The inverse of a function is its reflection over the line y=x
you can find it by swapping the x with the y (although occasionally there can be a problem.)
so
if a function is
y=2+(x-2)^2
then the inverse will be
x=2+(y-2)^2
which simplifies as follows
\(x=2+(y-2)^2\\ x=2+(y^2-4y+4)\\ x=y^2-4y+6\\ x-6=y^2-4y\\ x-6+4=y^2-4y+4\\ x-2=(y-2)^2\\ \pm\sqrt{x-2}=y-2\\ y=2\pm\sqrt{x-2}\\\)
Ok, I have hit a slight problem. Which one will I choose? It is not going to be both.
x>2 and x-2 must be bigger than 0 so that is always true, so that didn't help.
Lets consider the original function some more
\(f(x) =(x-2)^2 +2 \qquad where \qquad x\leq2\)
This is the left side of a concave up parabola with the vertex at (2,2)
So it is always going to be above the line y=x.
So the inverse will always be below the line y=x
This will only be true of the negative case.
This can also be seen from the graph x=(y-2)^2+2 (part of the working above)
which is a sideways parabola and you want the bottom half so you want the neg square root.

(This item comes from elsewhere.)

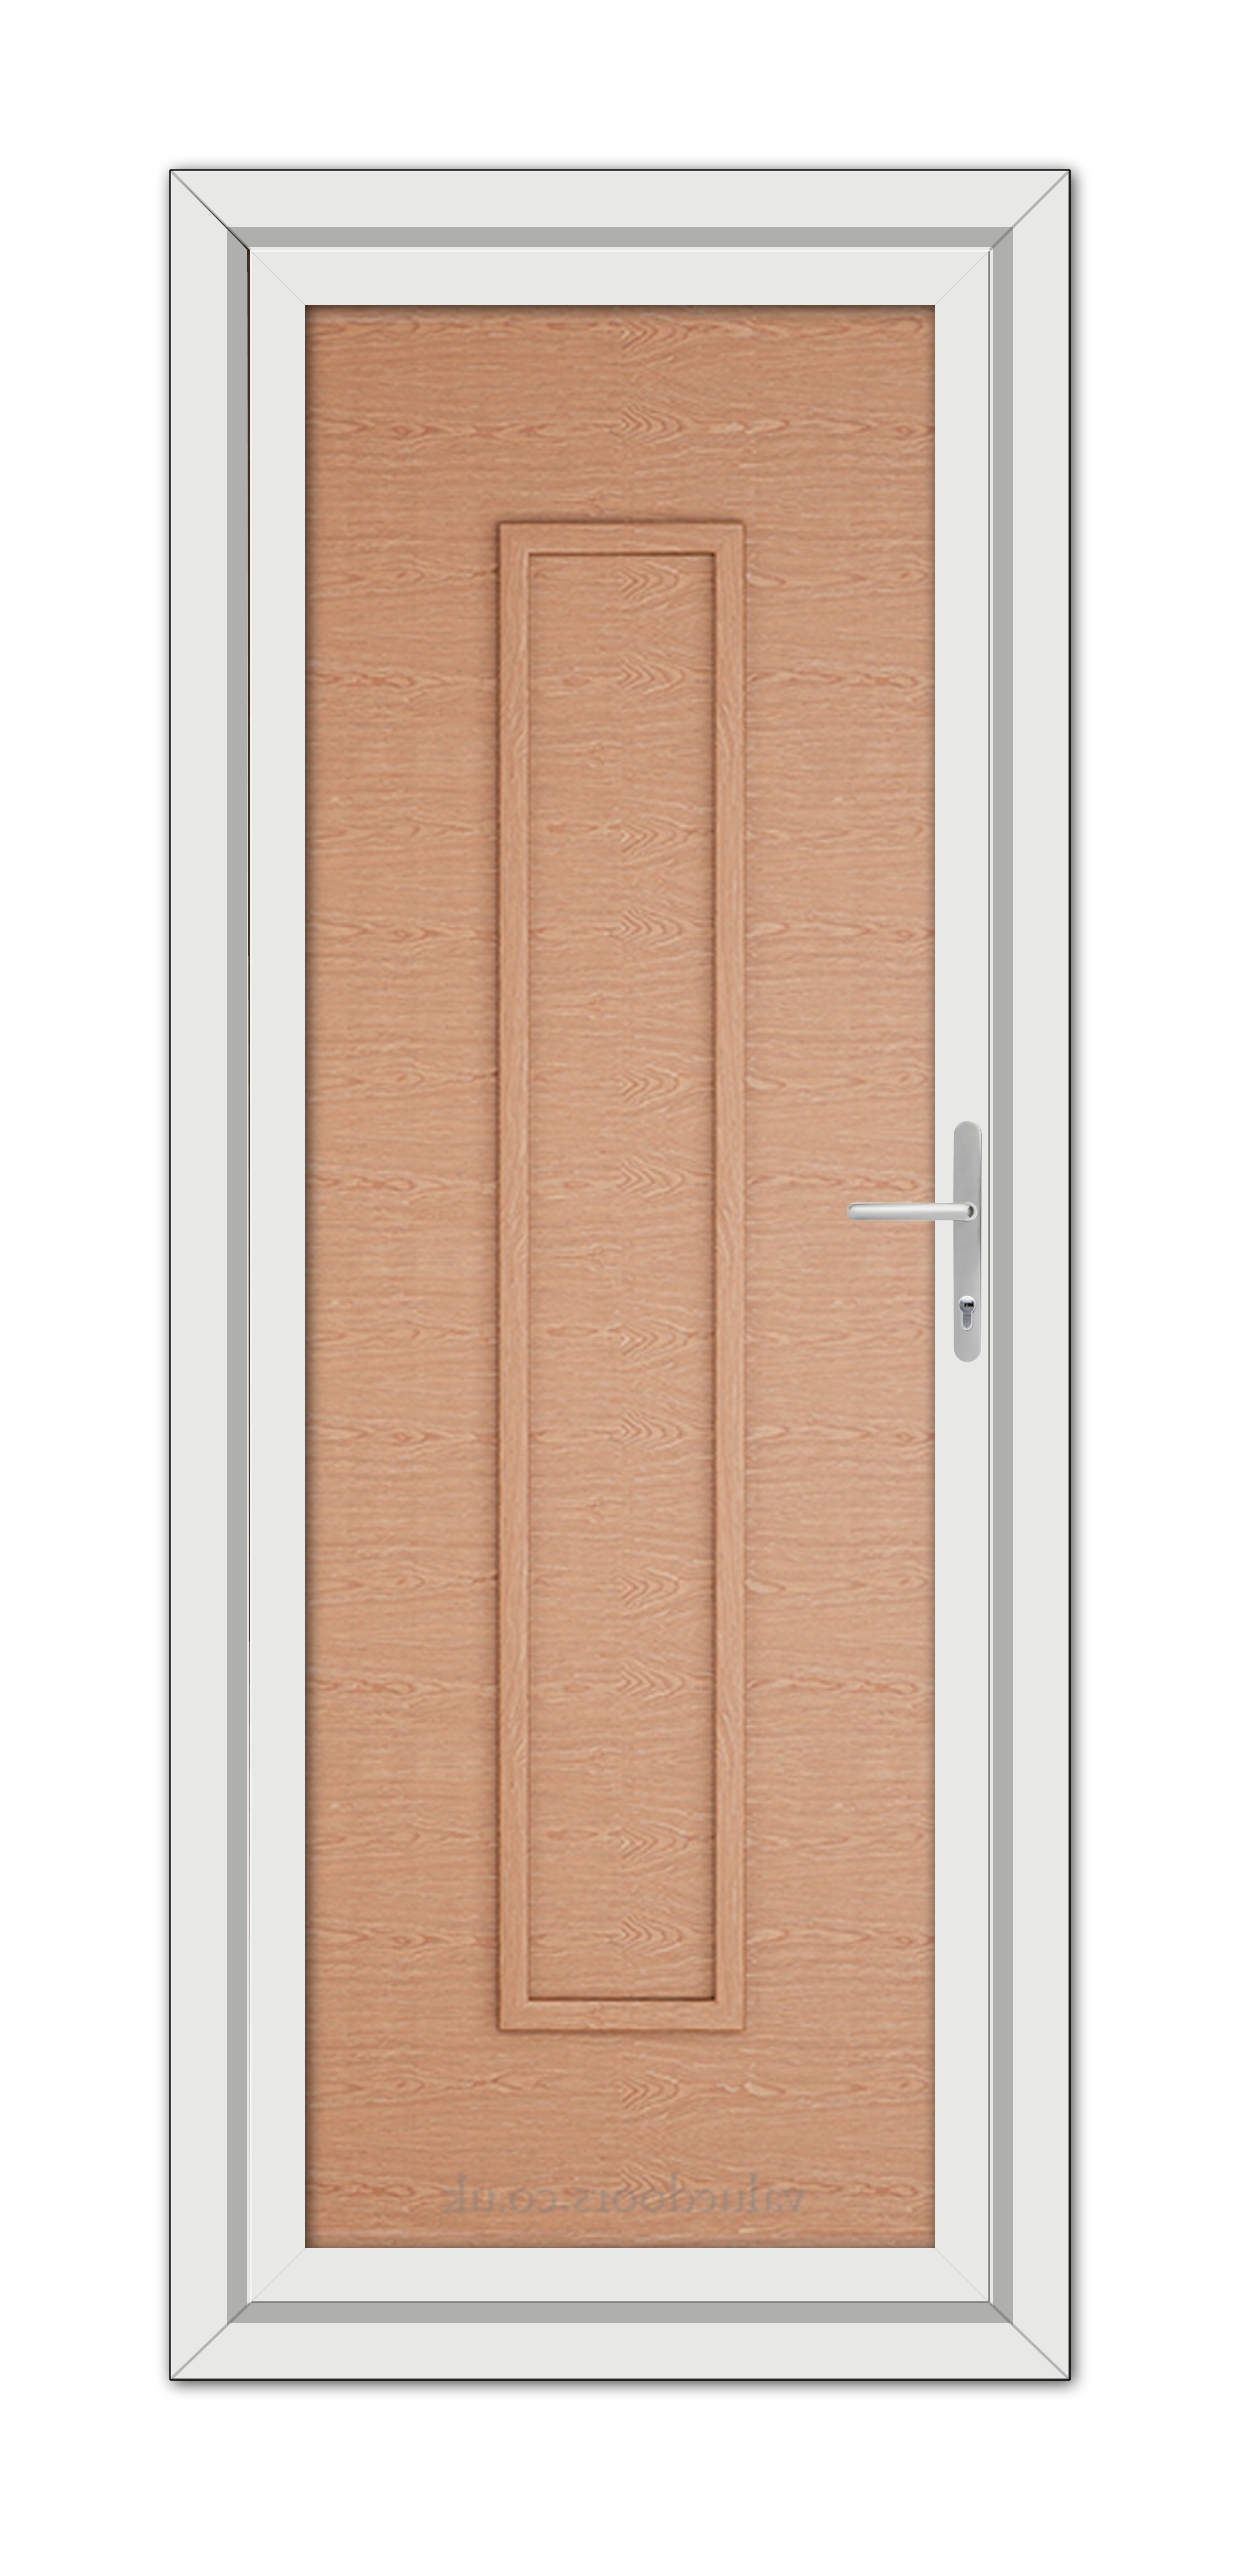 A close-up of an Irish Oak Modern 5101 Solid uPVC Door.

\(f(x) = \begin{cases} k(x) &\text{if }x>2, \\ 2+(x-2)^2&\text{if }x\leq2. \end{cases}\\ \bf{k(x)=2-\sqrt{x-2}}\)
check:
Here is the graph: https://www.desmos.com/calculator/9ntcun0vs6
Given that there were complications, someone may be able to show you a more straight forward method. Not sure about that.
LaTex:
x=2+(y-2)^2\\
x=2+(y^2-4y+4)\\
x=y^2-4y+6\\
x-6=y^2-4y\\
x-6+4=y^2-4y+4\\
x-2=(y-2)^2\\
\pm\sqrt{x-2}=y-2\\
y=2\pm\sqrt{x-2}\\